一个机器人位于一个 m x n 网格的左上角 (起始点在下图中标记为“Start” )。
机器人每次只能向下或者向右移动一步。机器人试图达到网格的右下角(在下图中标记为“Finish”)。
现在考虑网格中有障碍物。那么从左上角到右下角将会有多少条不同的路径?
dp[m][n] 初始化:
62题无障碍物: dp = [[1]*n] + [[1] + [0]*(n-1) for _ in range(m-1)]

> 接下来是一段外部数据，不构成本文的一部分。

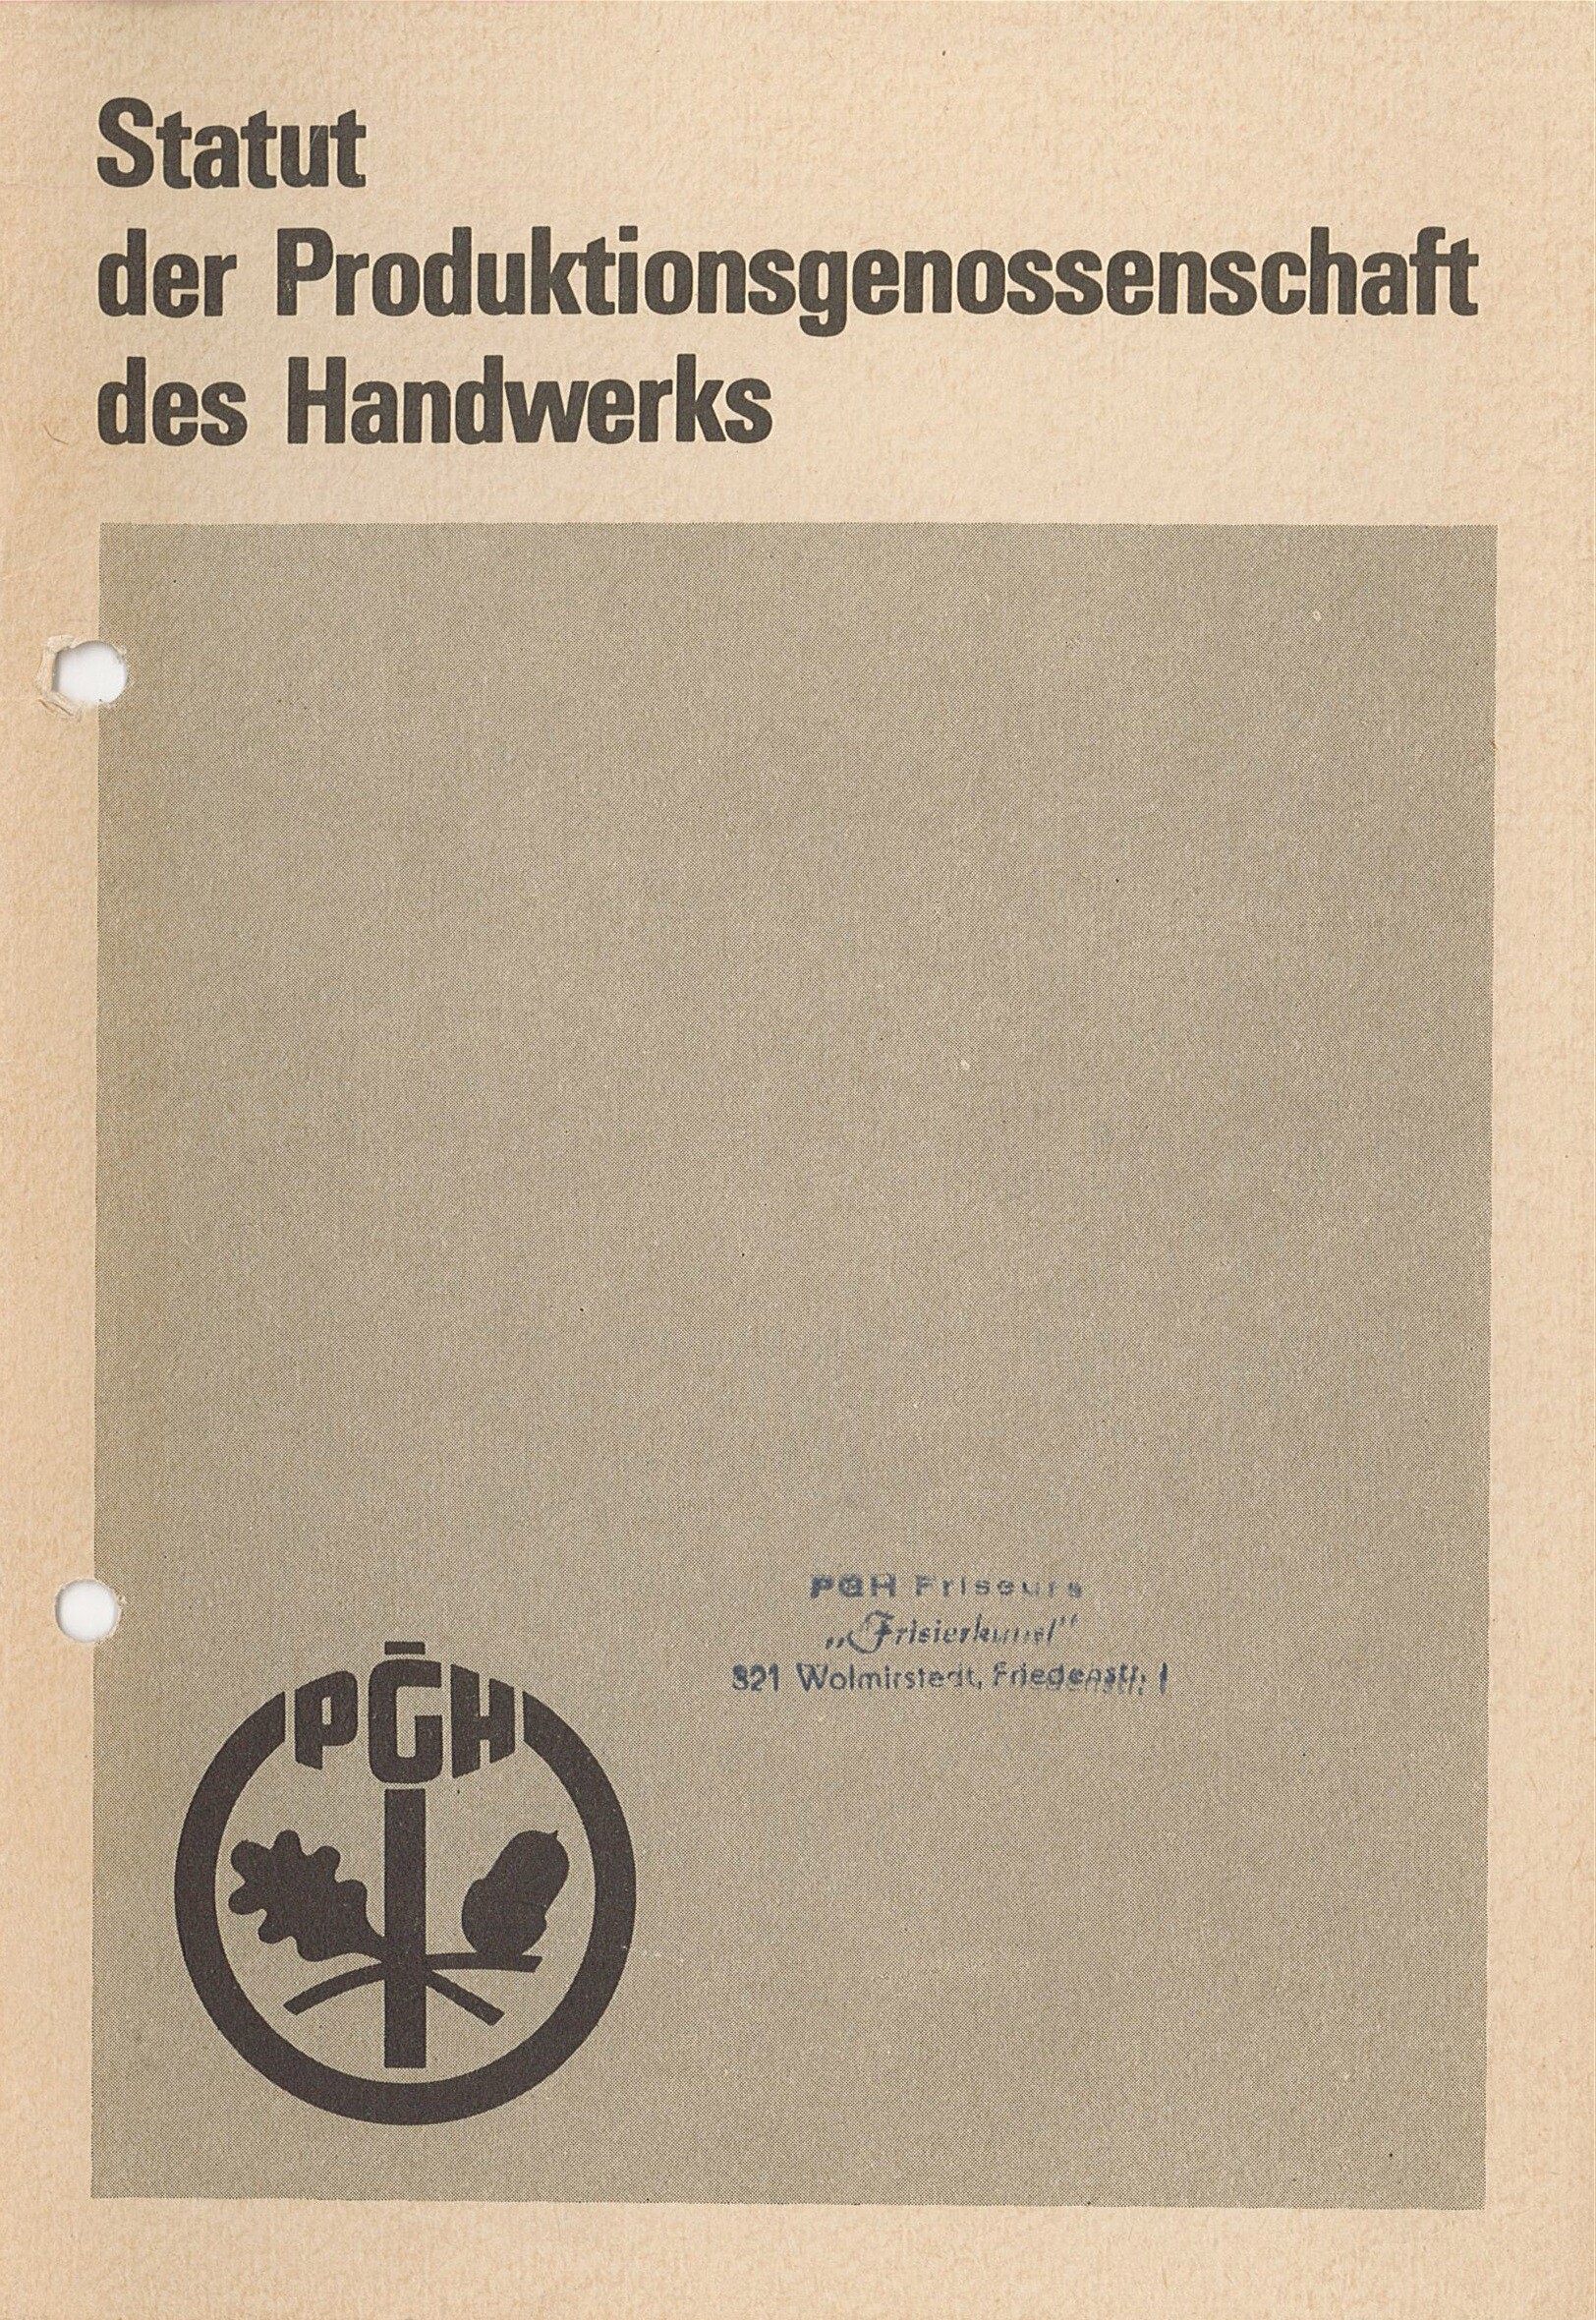 Statut der Produktionsgenossenschaft des Handwerks, 1973 (Museum Wolmirstedt RR-F)
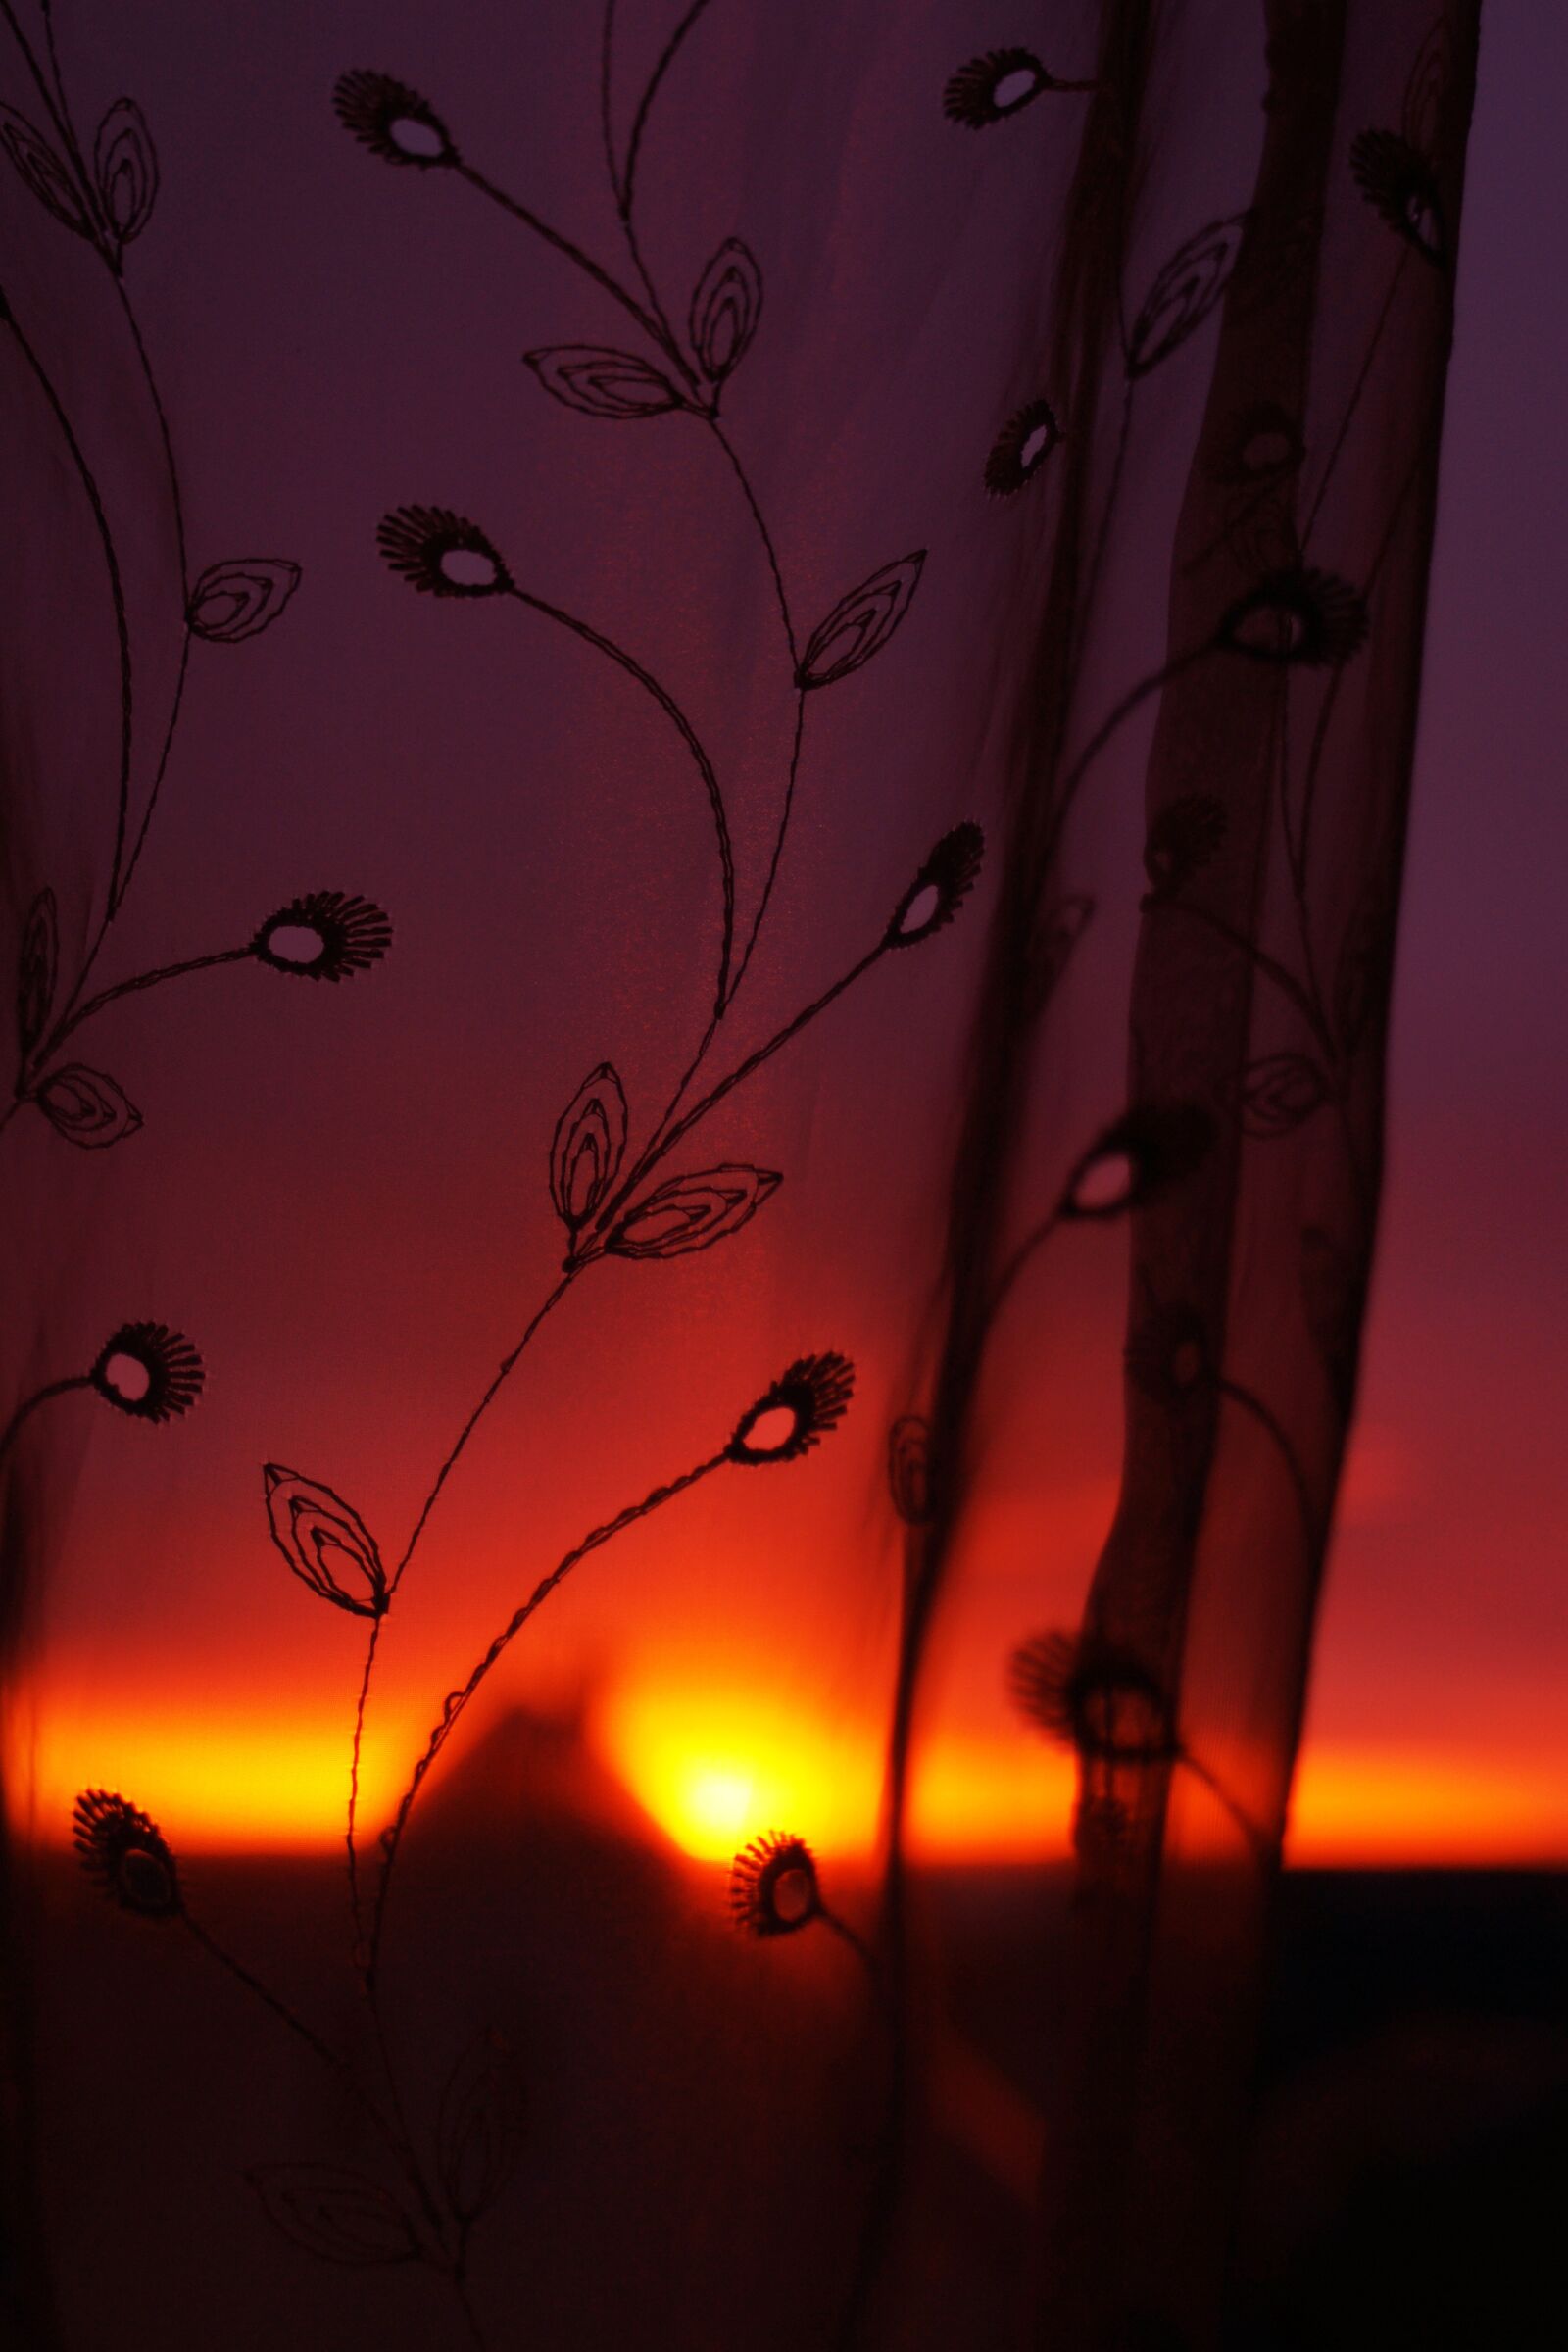 Sony Alpha DSLR-A700 sample photo. Sunset, sky, nature photography

63题有障碍物: 初始化两条边:如果对应节点有障碍物,或上一个节点为0,本节点为0
dp = [[0]*n for _ in range(m)]
dp[0][0] = 1
for i in range(1,n):
dp[0][i] = 0 if obstacleGrid[0][i] or not dp[0][i-1] else 1
for j in range(1,m):
dp[j][0] = 0 if obstacleGrid[j][0] or not dp[j-1][0] else 1
dp状态转移方程:
62: dp[i][j] = dp[i][j-1] + dp[i-1][j]
63: 根据本节点,左节点,上节点有障碍物来 分别写状态转移方程
for i in range(1,m):
for j in range(1,n):
if obstacleGrid[i][j] : dp[i][j] = 0
elif obstacleGrid[i][j-1] and obstacleGrid[i-1][j]:
dp[i][j] = 0
elif obstacleGrid[i-1][j]:
dp[i][j] =dp[i][j-1]
elif obstacleGrid[i][j-1]:
dp[i][j] = dp[i-1][j]
else:
dp[i][j] = dp[i-1][j] + dp[i][j-1]